Available data:
※ ※ ※

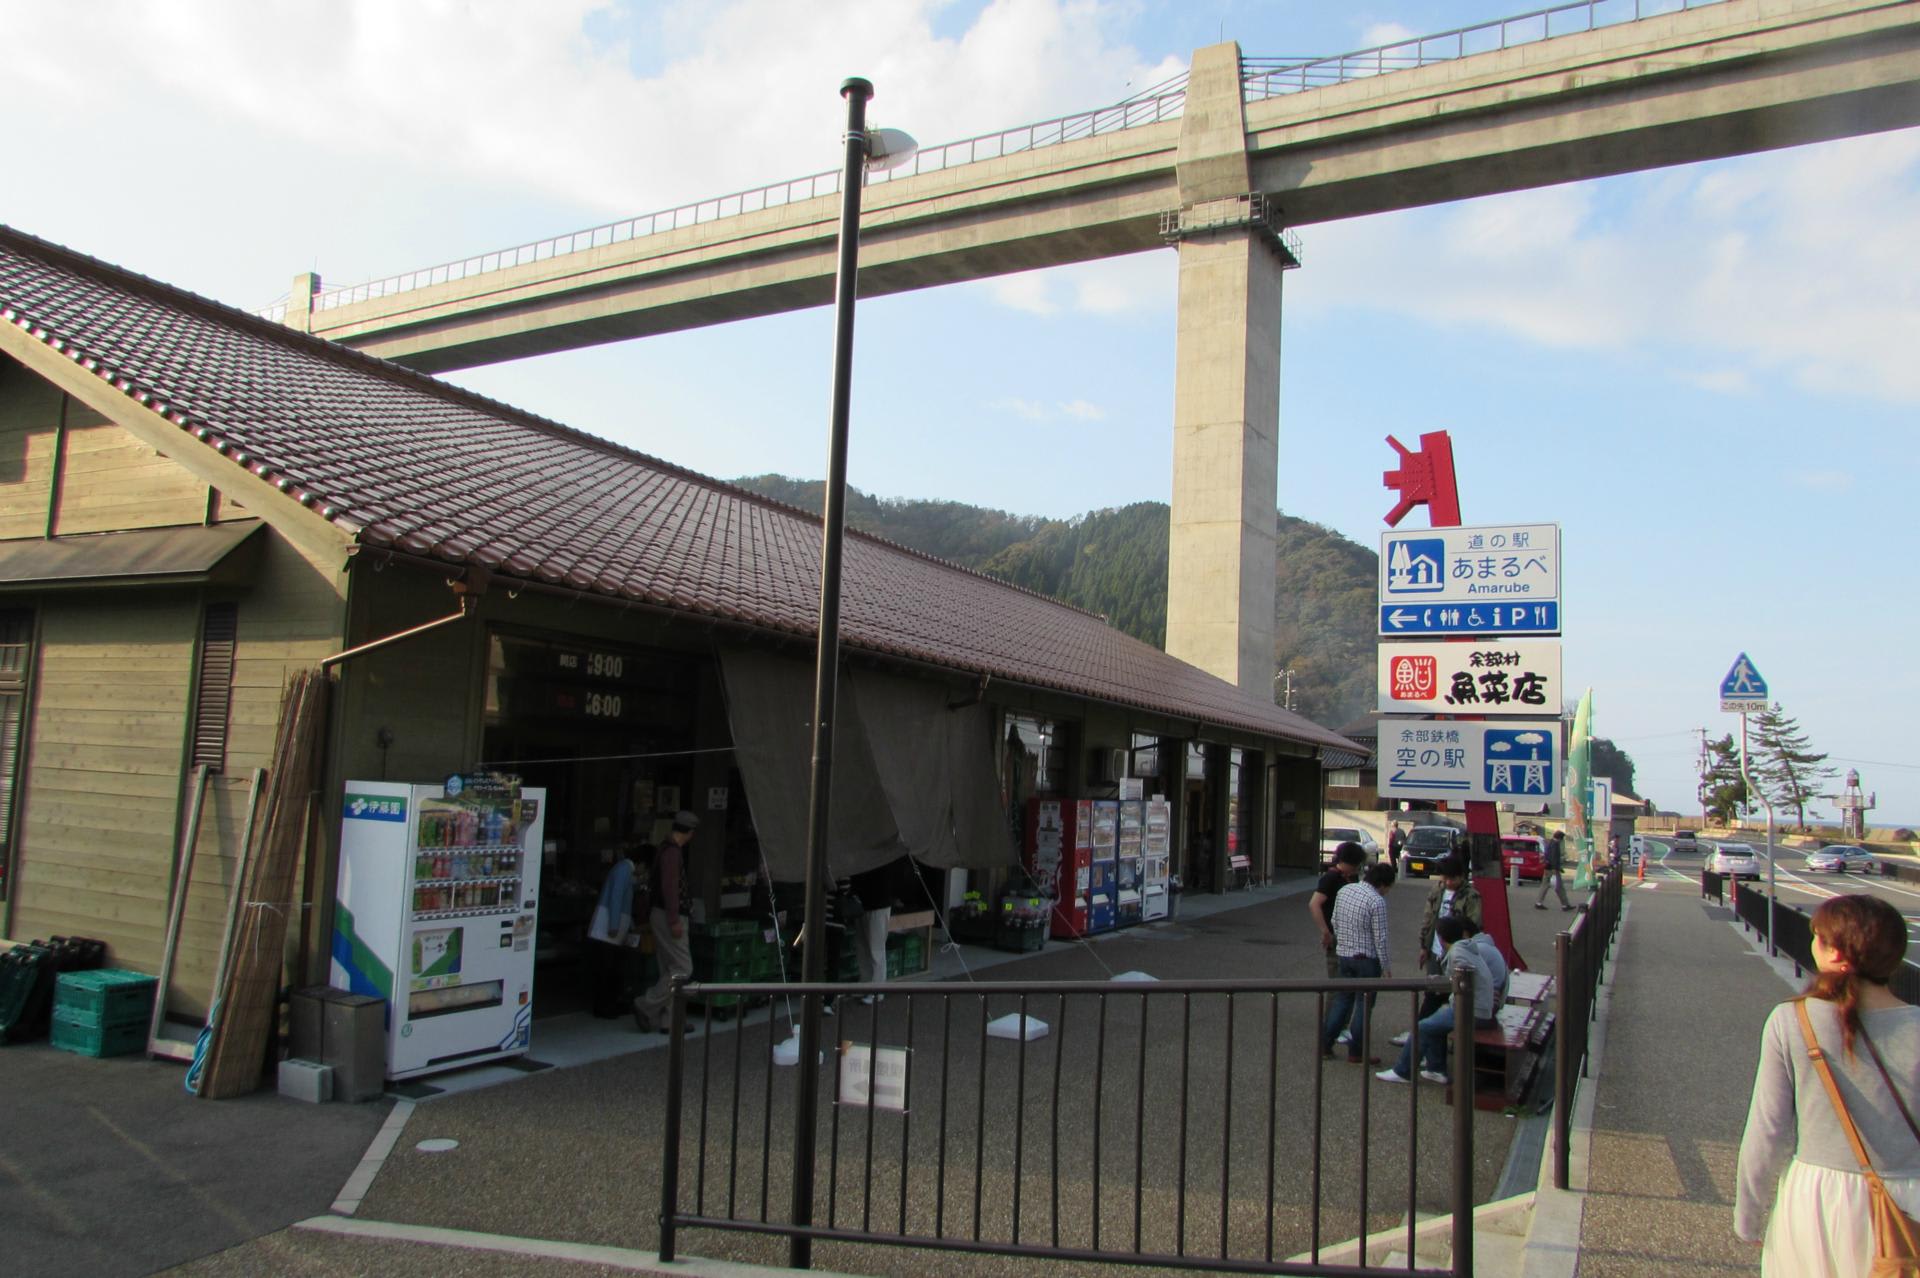 道の駅 あまるべと城崎町の海の駅 旅行 写真で紹介
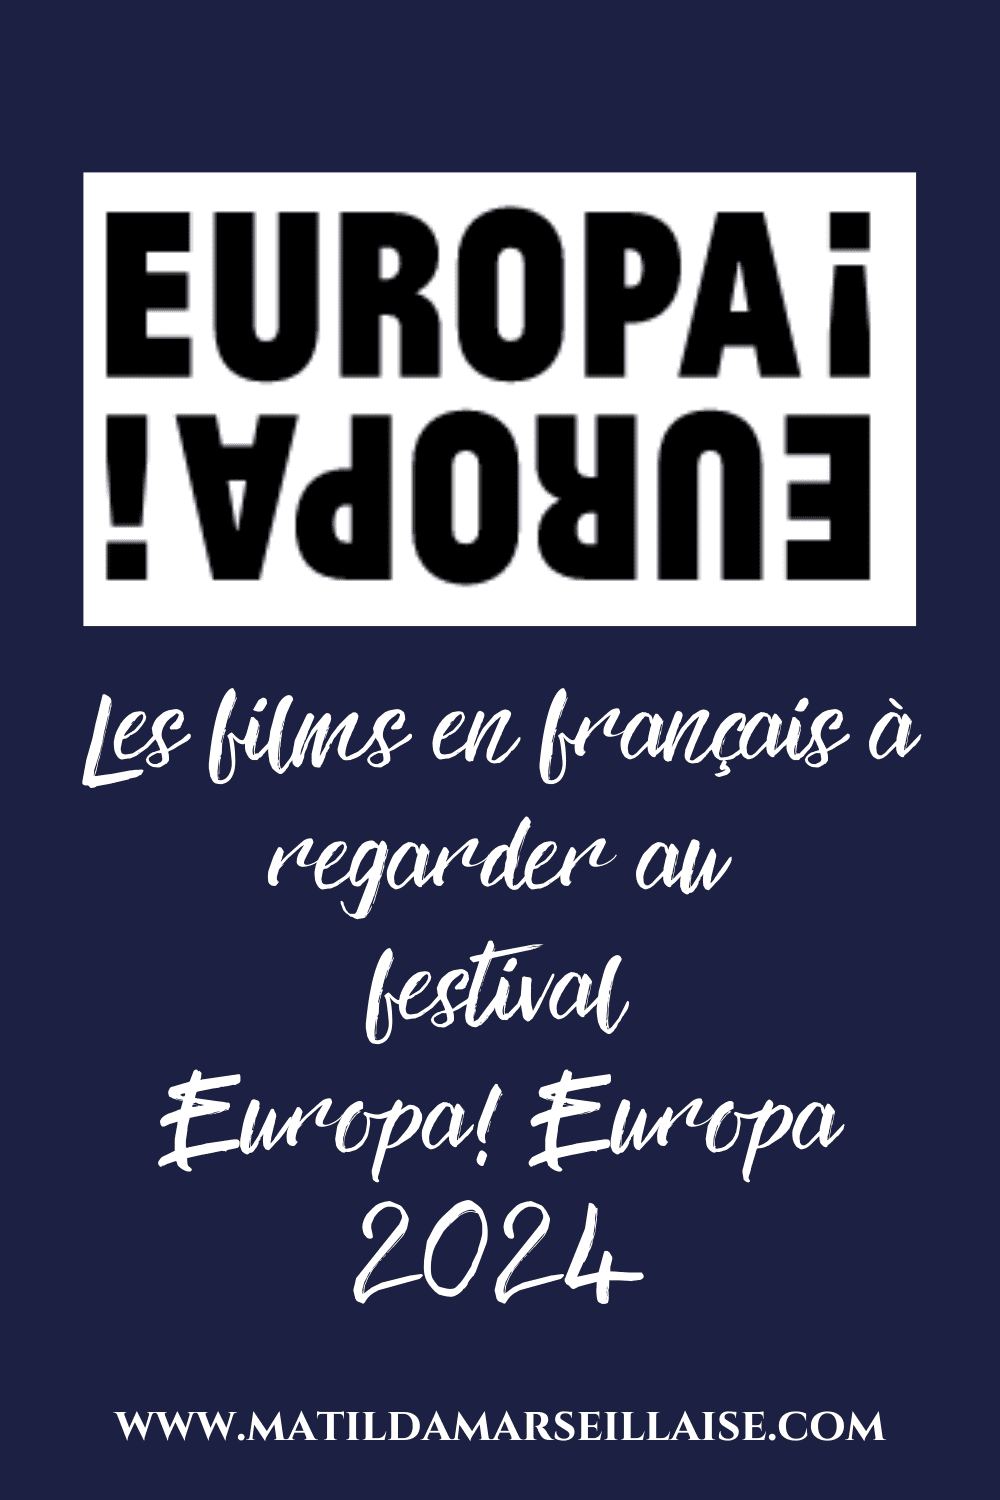 Europa ! Europa 2024 arrive dans les salles de cinéma cette semaine avec une programmation passionnante de films français et européens
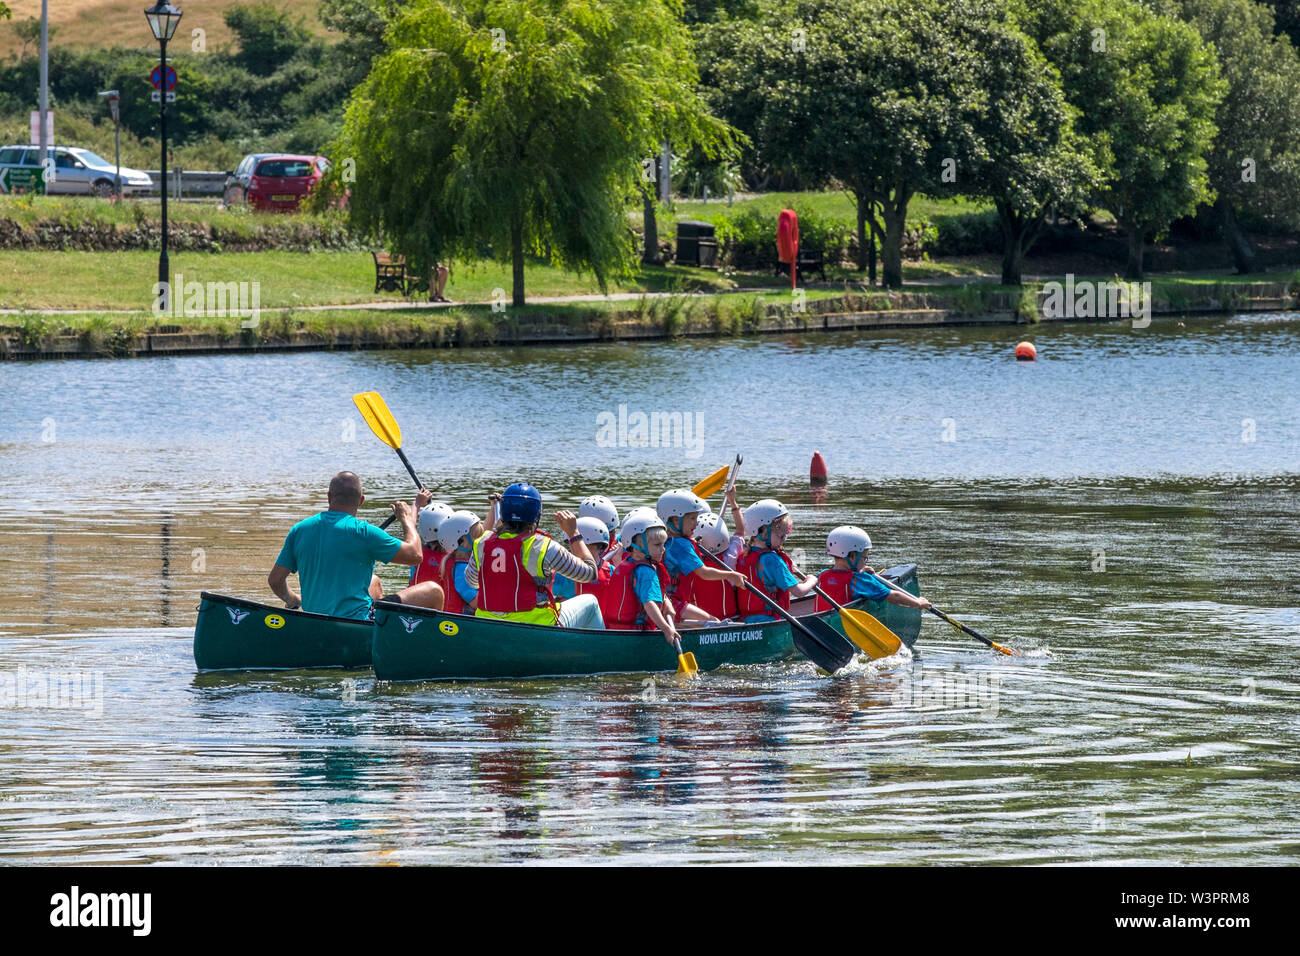 Les élèves de l'école primaire bénéficiant d'une activité de plein air comme leçon qu'ils ont plaisir à canot sur le lac de plaisance Jardin Trenance à Newquay en Cornouailles. Banque D'Images

※ ※ ※

Your objective: Everything from the line containing "Europa ! Europa" to the last line of the listing above must be reproduced exactly, with no pictures included.

Written solution:
 Europa ! Europa 2024 arrive dans les salles de cinéma cette semaine avec une programmation passionnante de films français et européens
 Les élèves de l'école primaire bénéficiant d'une activité de plein air comme leçon qu'ils ont plaisir à canot sur le lac de plaisance Jardin Trenance à Newquay en Cornouailles. Banque D'Images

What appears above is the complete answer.